How to complete this task: Take the lines below from the one with "jardin-du-luxembourg-96401_1280" through the one with "Winter Thick Jackets" and print only them, exactly. Don't print the pictures.

Source information:

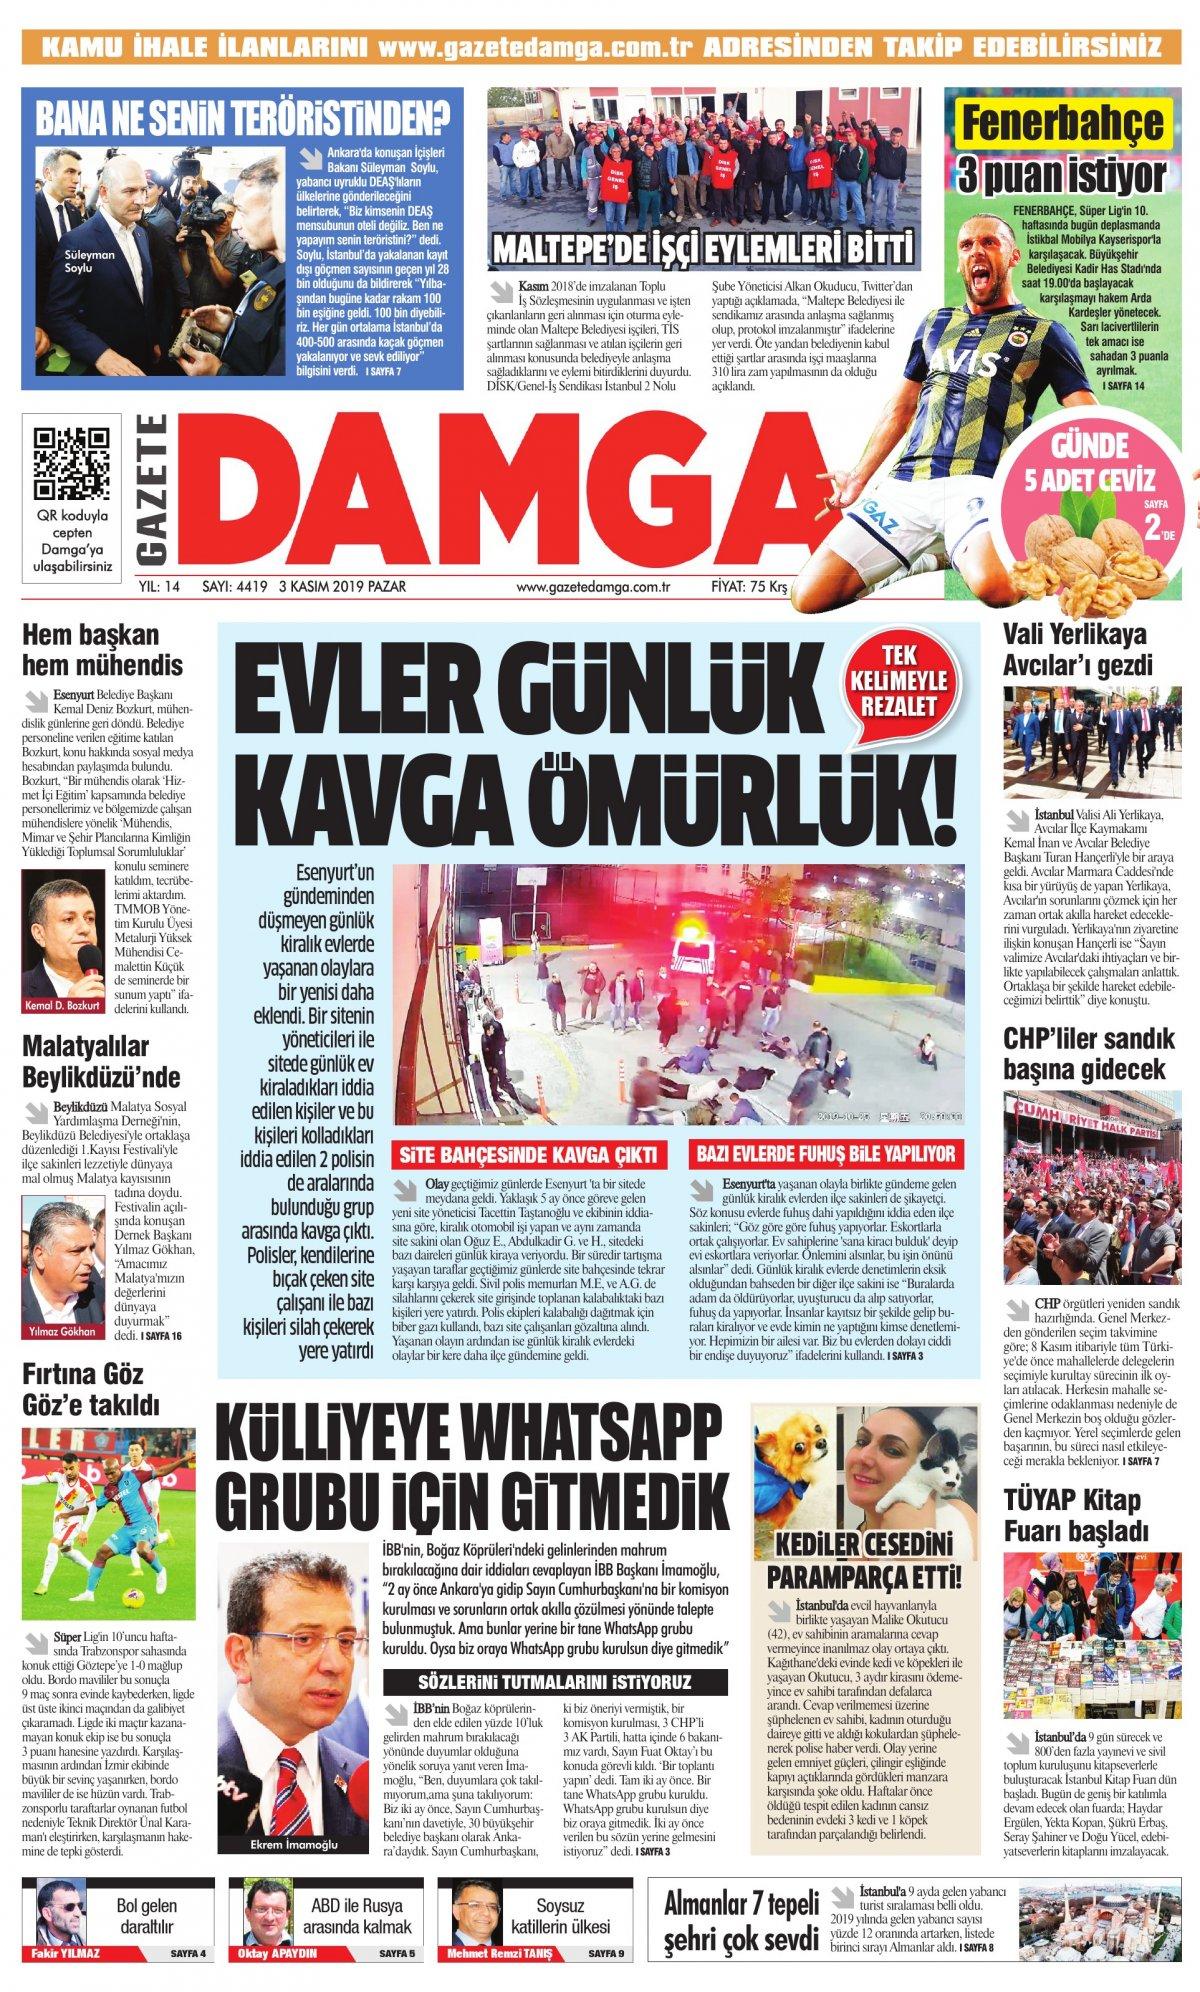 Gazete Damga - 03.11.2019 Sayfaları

* * *

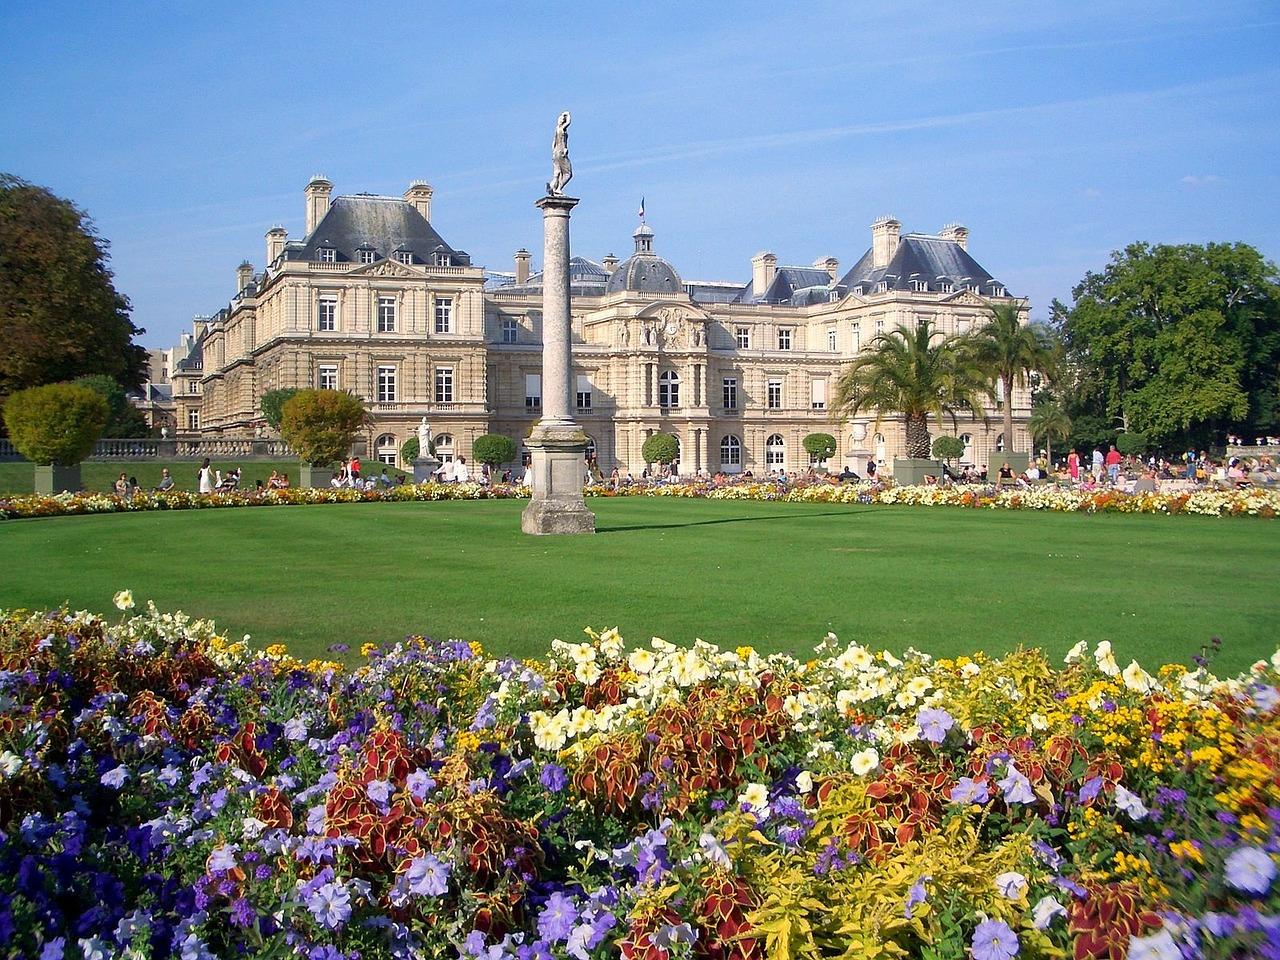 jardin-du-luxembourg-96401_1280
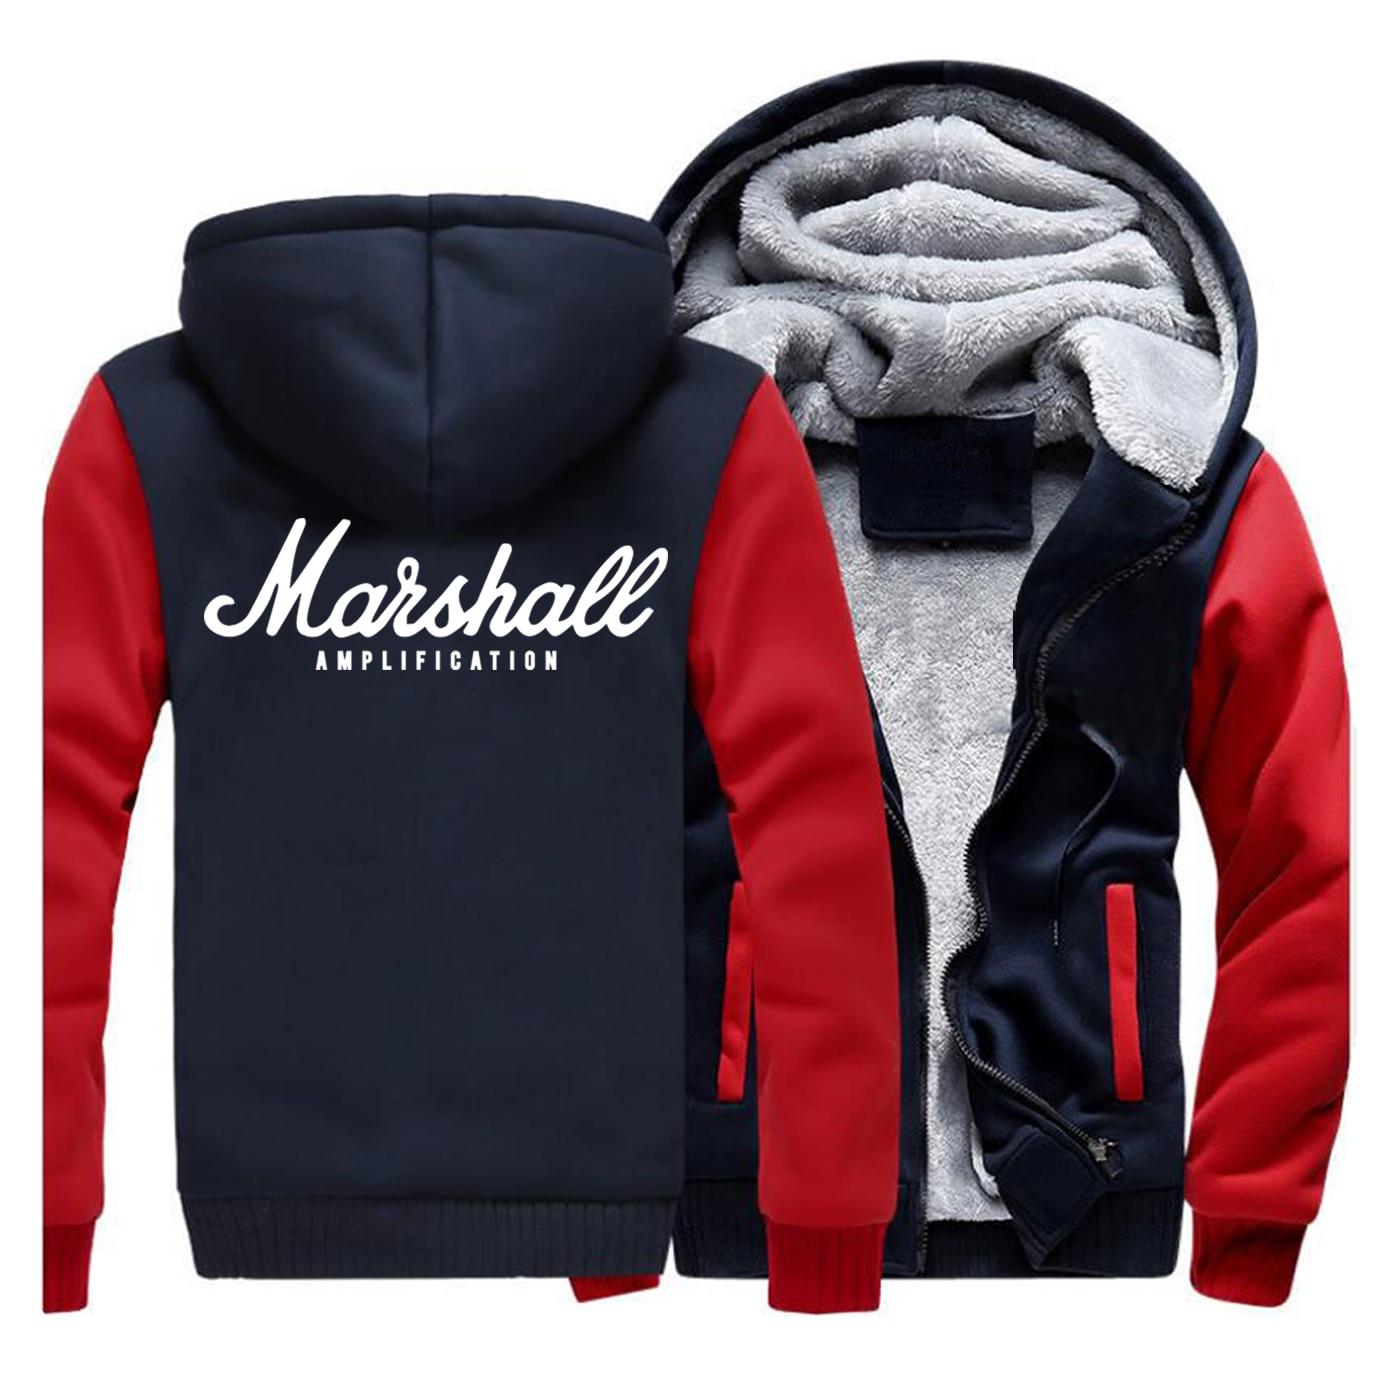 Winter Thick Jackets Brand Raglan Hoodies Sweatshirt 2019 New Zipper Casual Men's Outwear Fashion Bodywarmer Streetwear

--

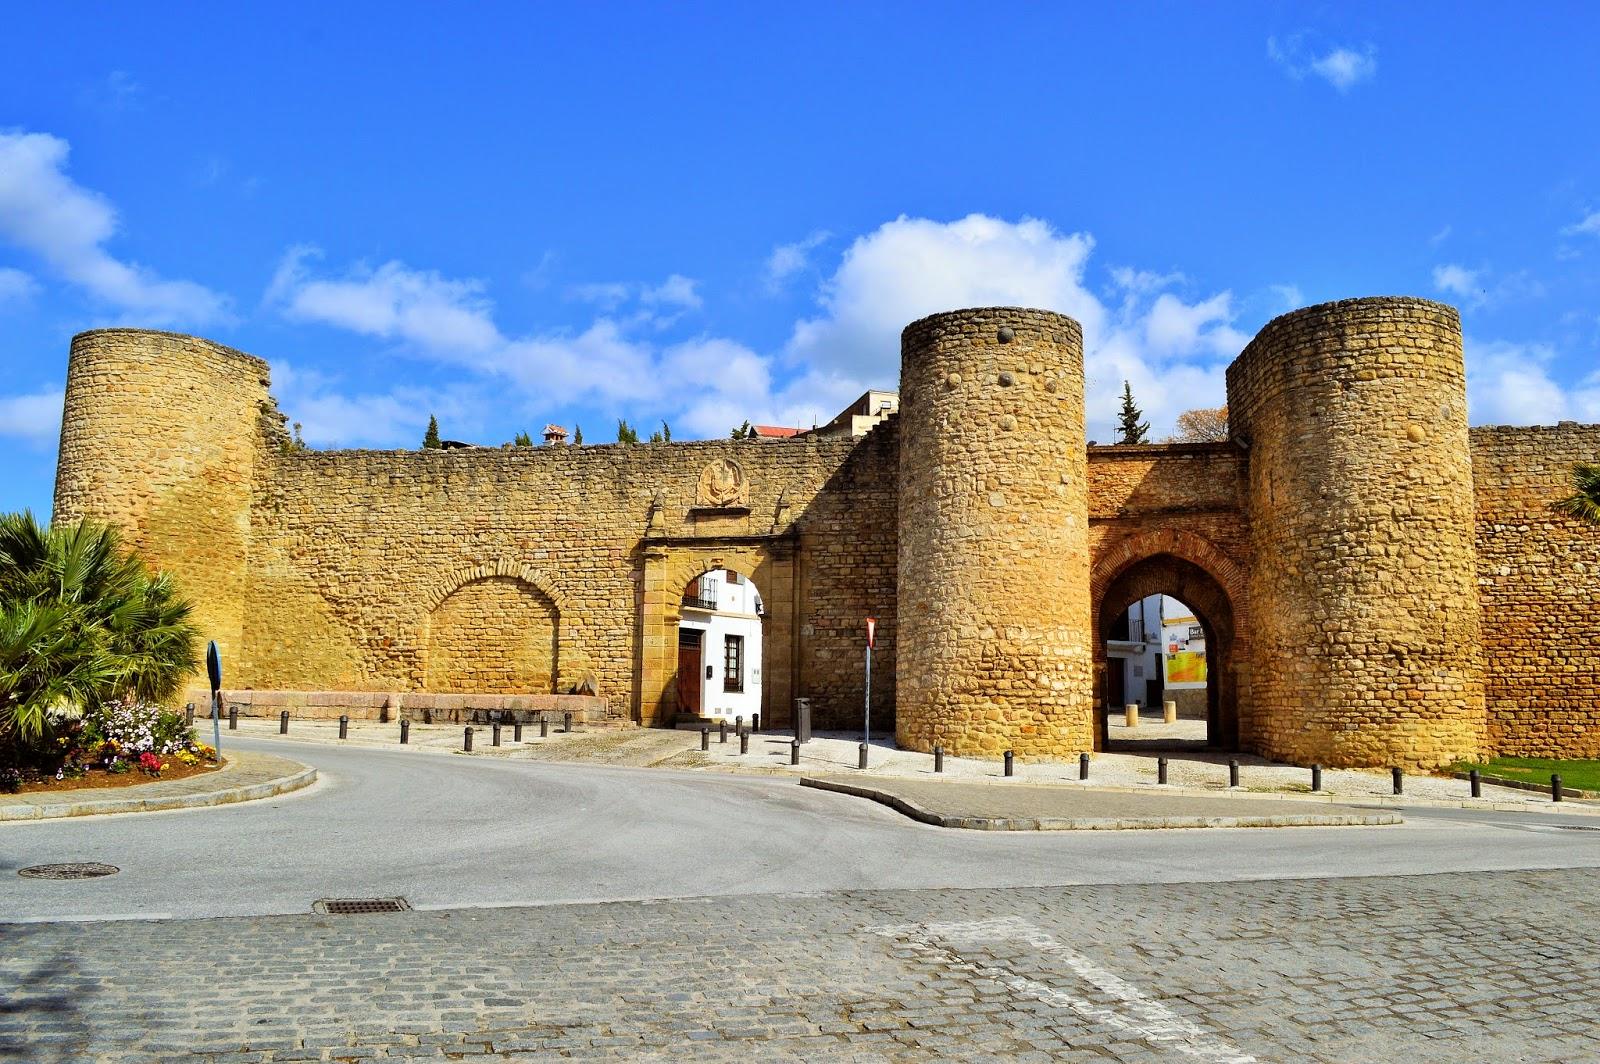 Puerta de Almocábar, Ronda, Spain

Written answer:
 jardin-du-luxembourg-96401_1280
 Winter Thick Jackets Brand Raglan Hoodies Sweatshirt 2019 New Zipper Casual Men's Outwear Fashion Bodywarmer Streetwear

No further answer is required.